Brexit set to dominate graft-plagued Bulgaria's EU presidency

Unity to be key aim as Brussels also faces mounting tension with Poland and Hungary

The newly minted partially gold coin made to commemorate the Bulgarian Presidency of the Council of the European Union. Bulgaria will face a challenge in the era of migration and Brexit. Photograph: AFP/Getty Images

The newly minted partially gold coin made to commemorate the Bulgarian Presidency of the Council of the European Union. Bulgaria will face a challenge in the era of migration and Brexit. Photograph: AFP/Getty Images

 

The presidency of the European Union moved from the Baltic to the Black Sea on Monday, as Bulgaria took over from Estonia for a six-month stint that is likely to be dominated by Brexit wrangles and growing strain inside the 28-member bloc.

Sofia has declared four priority areas for its first presidency: the future of Europe and its young people; the membership aspirations of Balkan states; security and stability; and developing the digital economy.

In reality, Bulgaria will hope to nudge forward accession prospects for its neighbours and smoothly host hundreds of EU meetings and events, while avoiding embarrassment over rampant corruption, threats to press freedom, and the far-right firebrands in its coalition government.

The Bulgarian presidency’s slogan is “United we stand strong” – a motto from the nation’s coat of arms – and unity will be a key aim as the EU seeks to maintain a common stance on Brexit and to tackle threats to rule of law and democracy emanating from Hungary, Poland and increasingly Romania, too.

Britain’s withdrawal

On a recent visit to Sofia, EU chief Brexit negotiator Michel Barnier said that during the next six months “we must take four important steps on Brexit, which is why we strongly rely on you to keep up the common European position in the negotiations”.

He said these steps involve drawing up directives for talks on the transition period, preparing a draft treaty on Britain’s withdrawal from the EU, mandating the European Commission to negotiate with London on the transition period and reaching a common position on future relations between the EU and Britain.

“You can count on us. We are here to help,” Bulgarian foreign minister Ekaterina Zaharieva assured Mr Barnier.

With about 100,000 of its citizens currently living and working in Britain, Bulgaria would like Brexit to be as harmonious as possible.

What is more – unlike Warsaw, Budapest or powerful western European capitals – Sofia has no strong national agenda to push, nor any desire to ruffle feathers in Brussels, making it an amenable presidency-holder at this tricky time.

Bulgaria is the poorest member of the EU and, more than a decade after joining, it is still under special supervision from Brussels due to its failure to fight corruption – an issue that has prevented it from joining the Schengen zone of “borderless” travel.

A scandal-free presidency may help improve Bulgaria’s image and bring Schengen access a little closer, but six months of additional scrutiny are also risky for a country whose politicians are plagued by scandal and prone to gaffes.

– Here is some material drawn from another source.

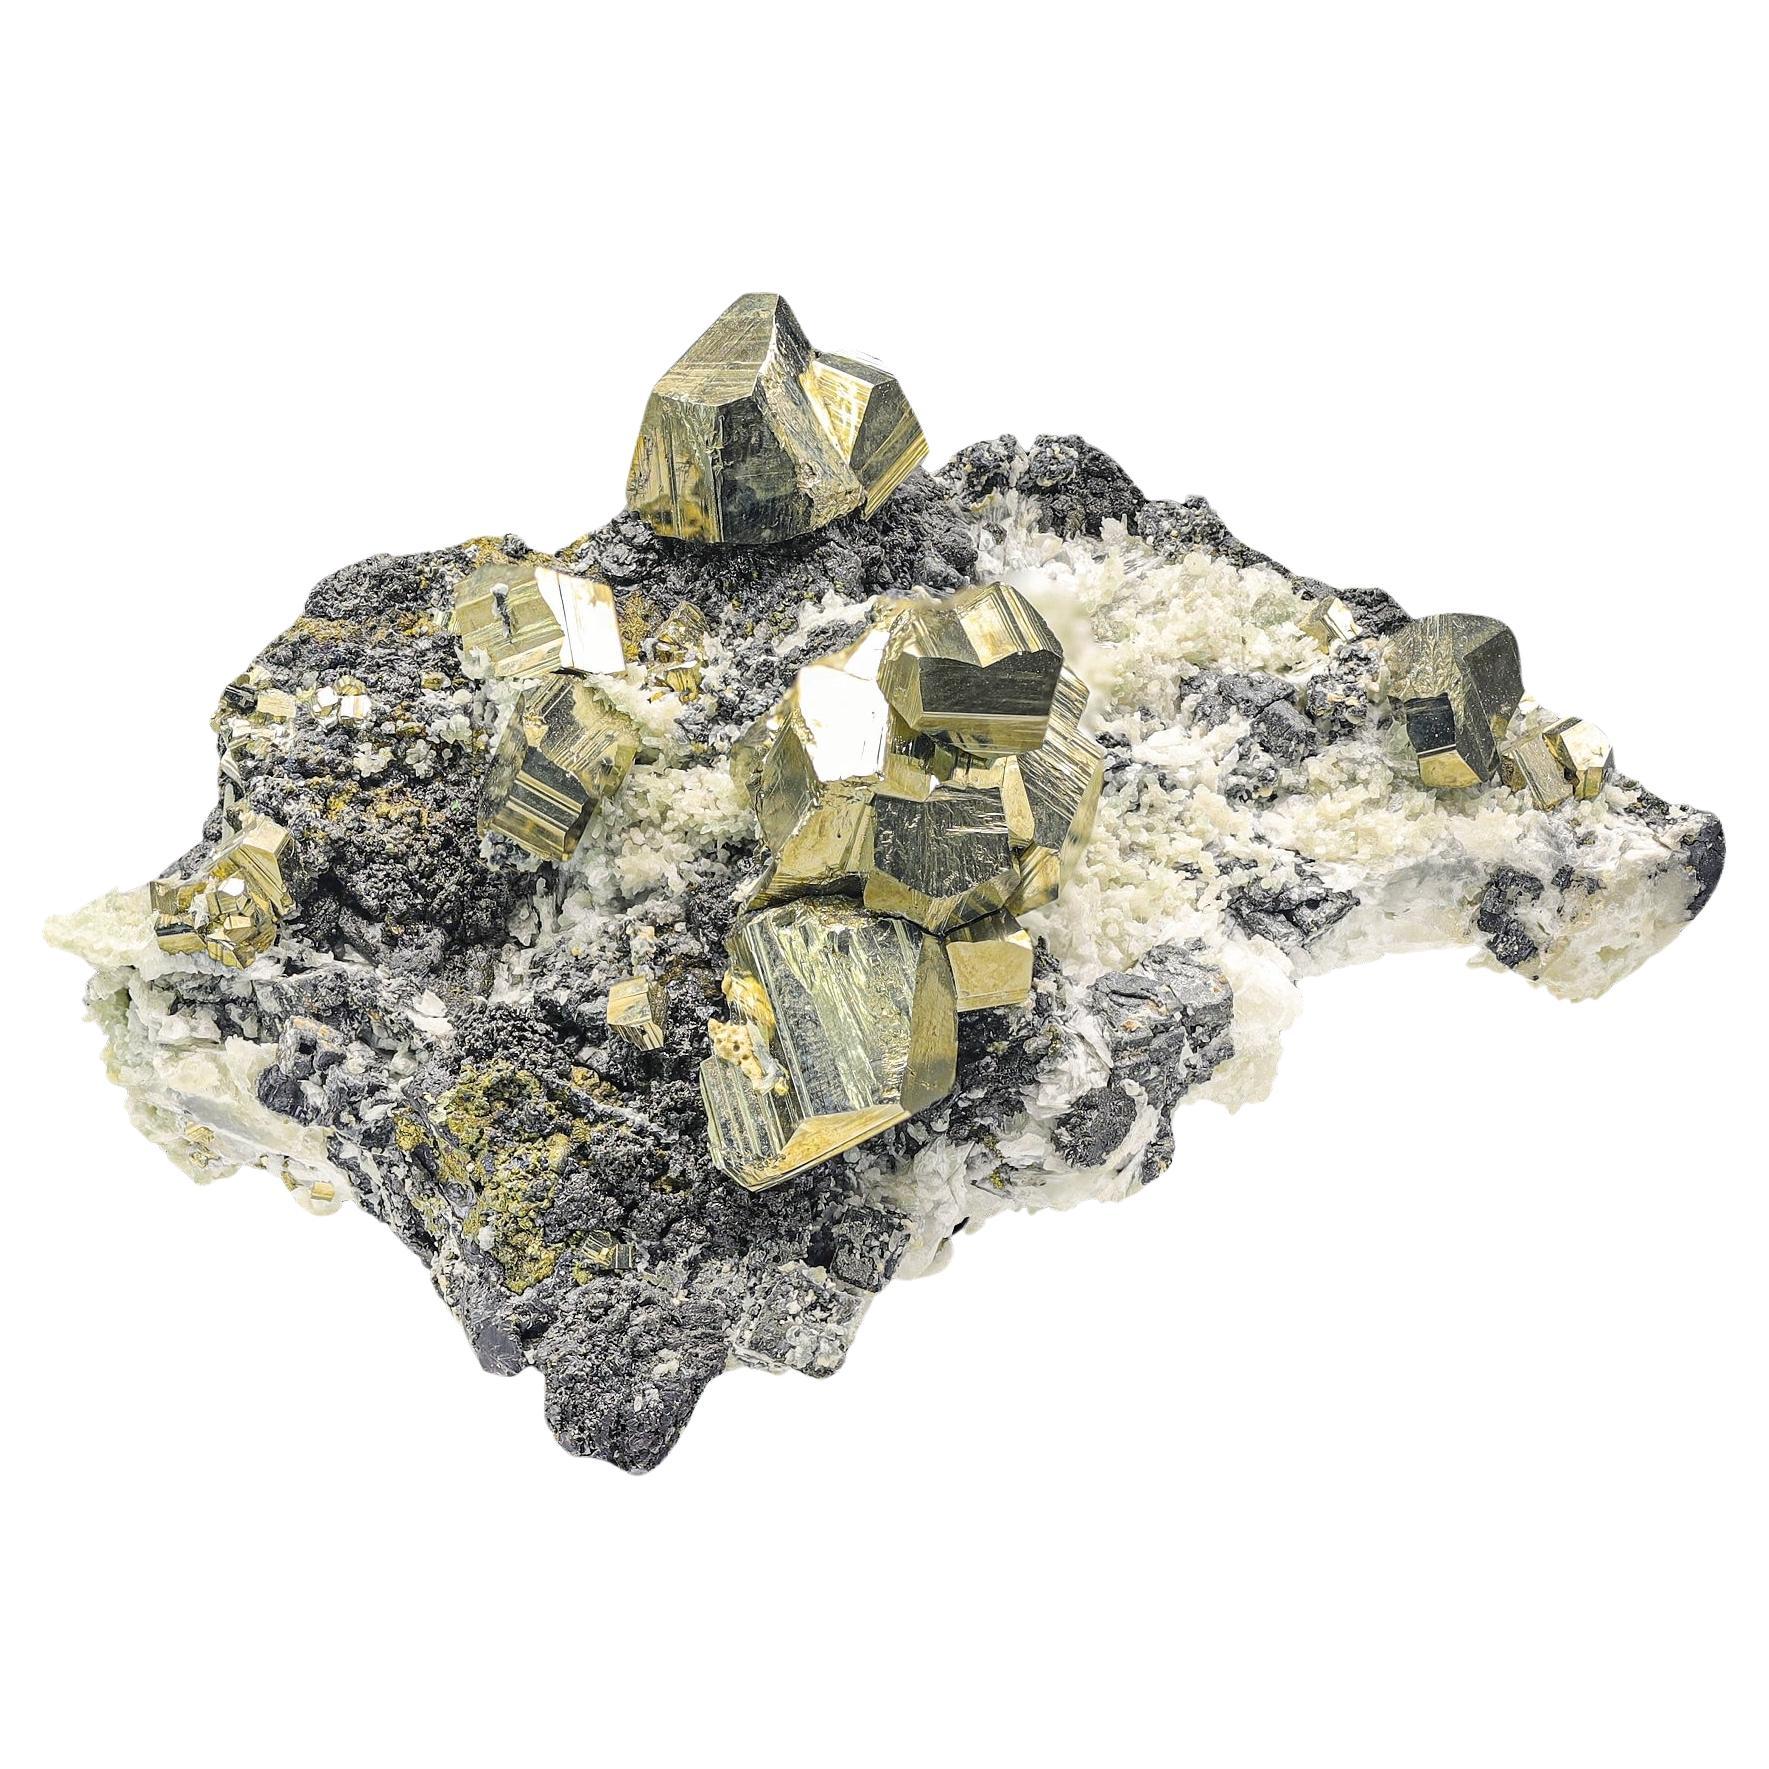 Glamming Golden Color Intergrown Pyrite Crystals On Matrix From Pakistan For Sale

‘Corruption and collusion’

Last month, Bulgaria’s parliament finally passed a law to set up an anti-corruption unit, but critics condemned it as too weak, open to political manipulation and incapable of tackling top-level graft or protecting whistleblowers.

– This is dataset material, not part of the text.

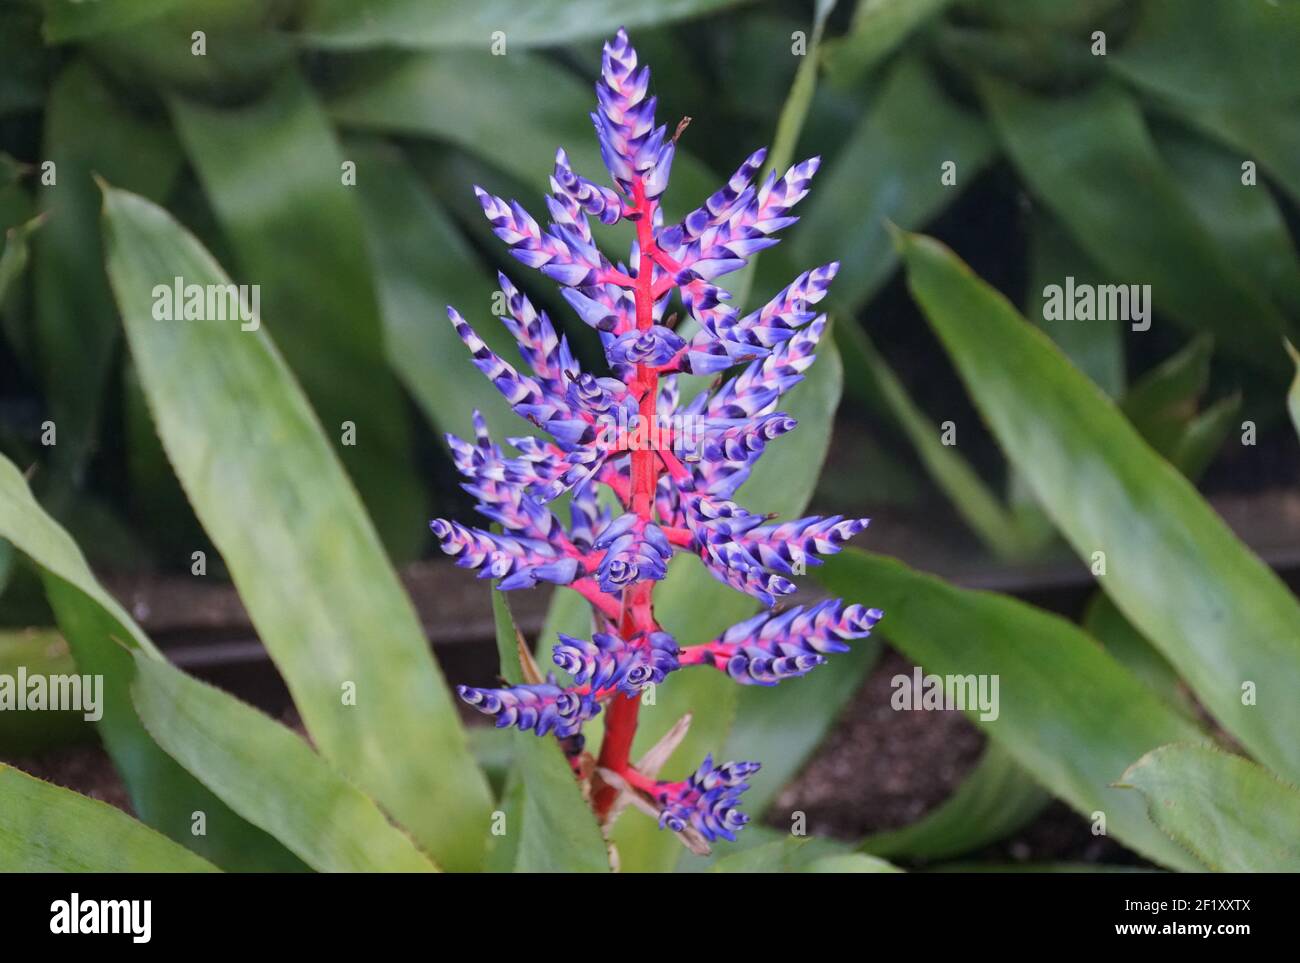 The bright blue and red bromeliad upright flowers Stock Photo

Reporters Without Borders ranks Bulgaria as the EU’s worst state for press freedom, describing it as “dominated by corruption and collusion between media, politicians, and oligarchs”. It accuses the government of using EU funding to favour certain publications and manipulate coverage.

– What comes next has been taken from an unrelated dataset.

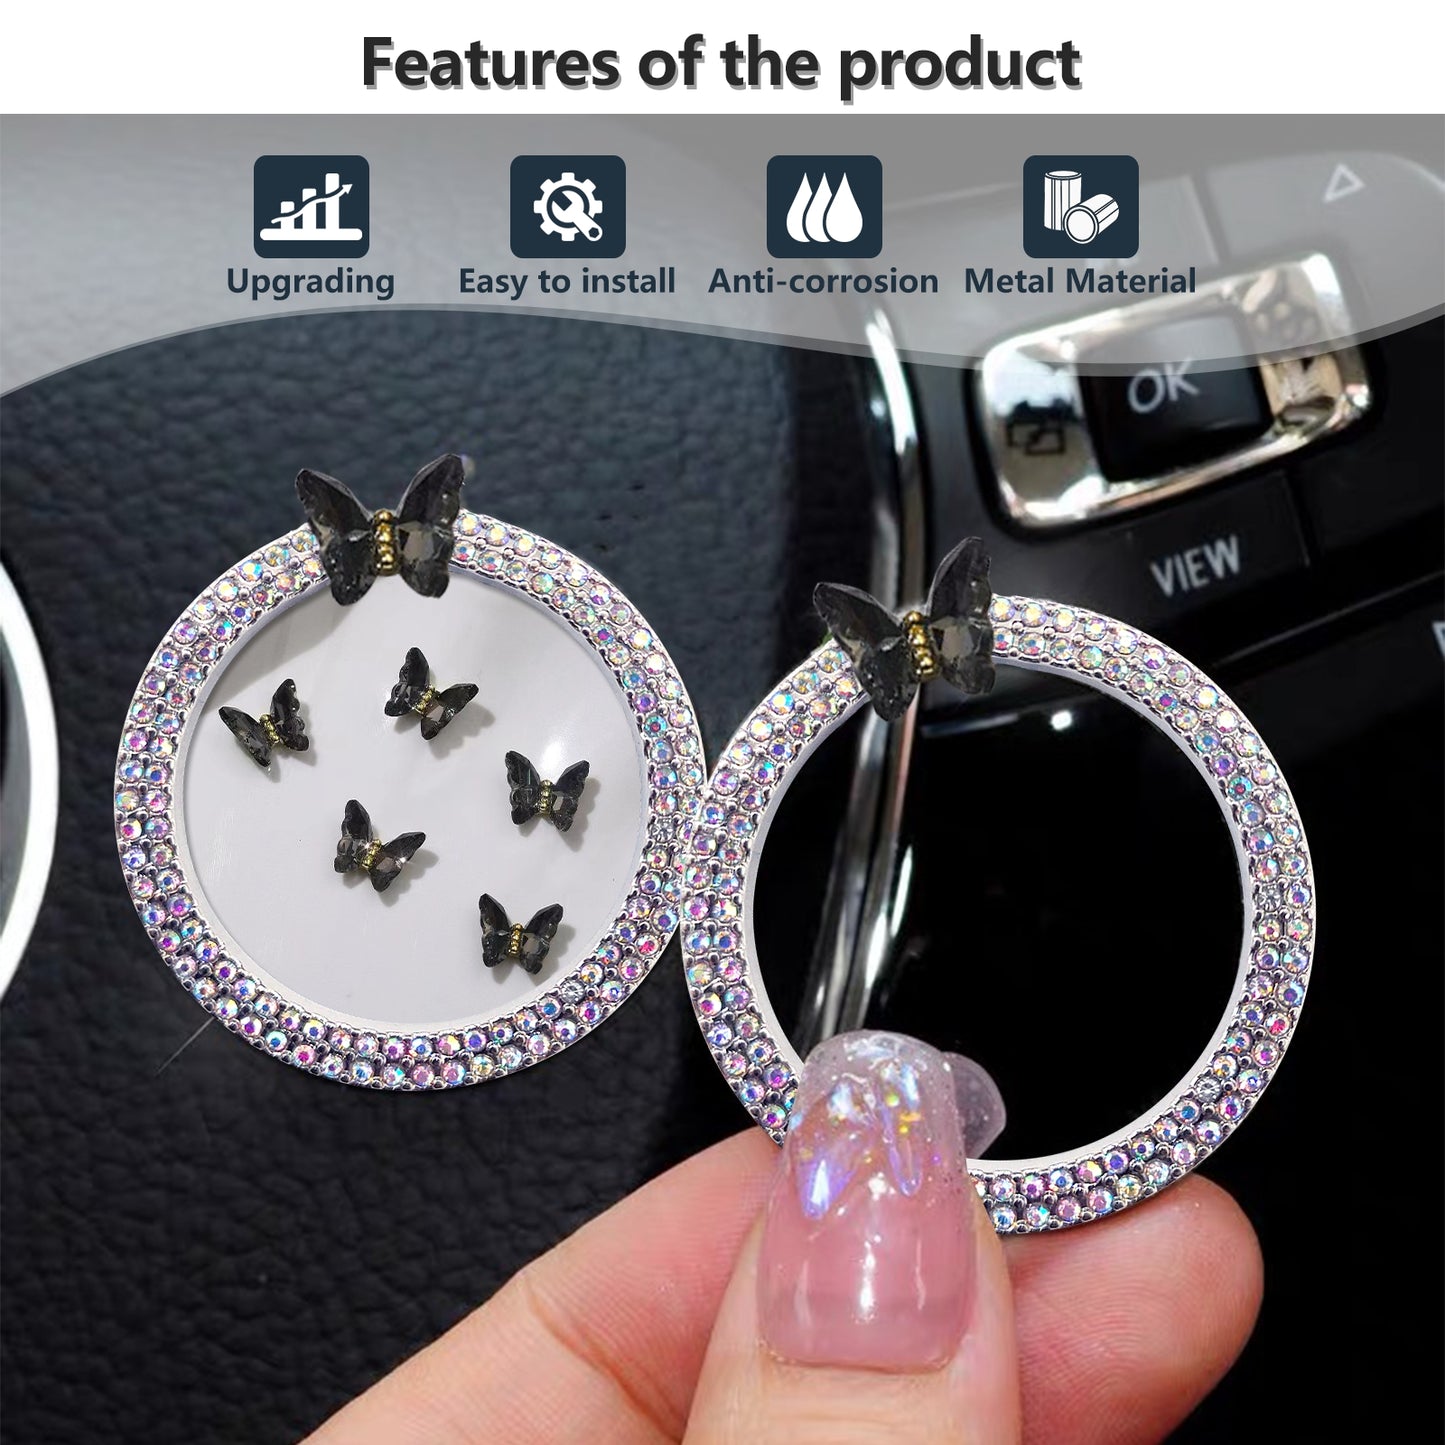 Black Butterfly Car Bling Ring Emblem - Car Accessories for Wowen

Rights groups have also castigated populist prime minister Boiko Borisov over his alliance with a coalition of far-right parties called the United Patriots.

One of its leaders, Valeri Simeonov, is also a deputy prime minister, despite being found guilty of using hate speech against Bulgaria’s Roma minority last year when he described them as “ferocious apes” and “street dogs”.

The far right shows just as little tolerance for asylum seekers. And migration issues will remain high on the EU agenda, with Bulgaria eager for a sustainable policy on border security and refugees given its long land frontier with Turkey.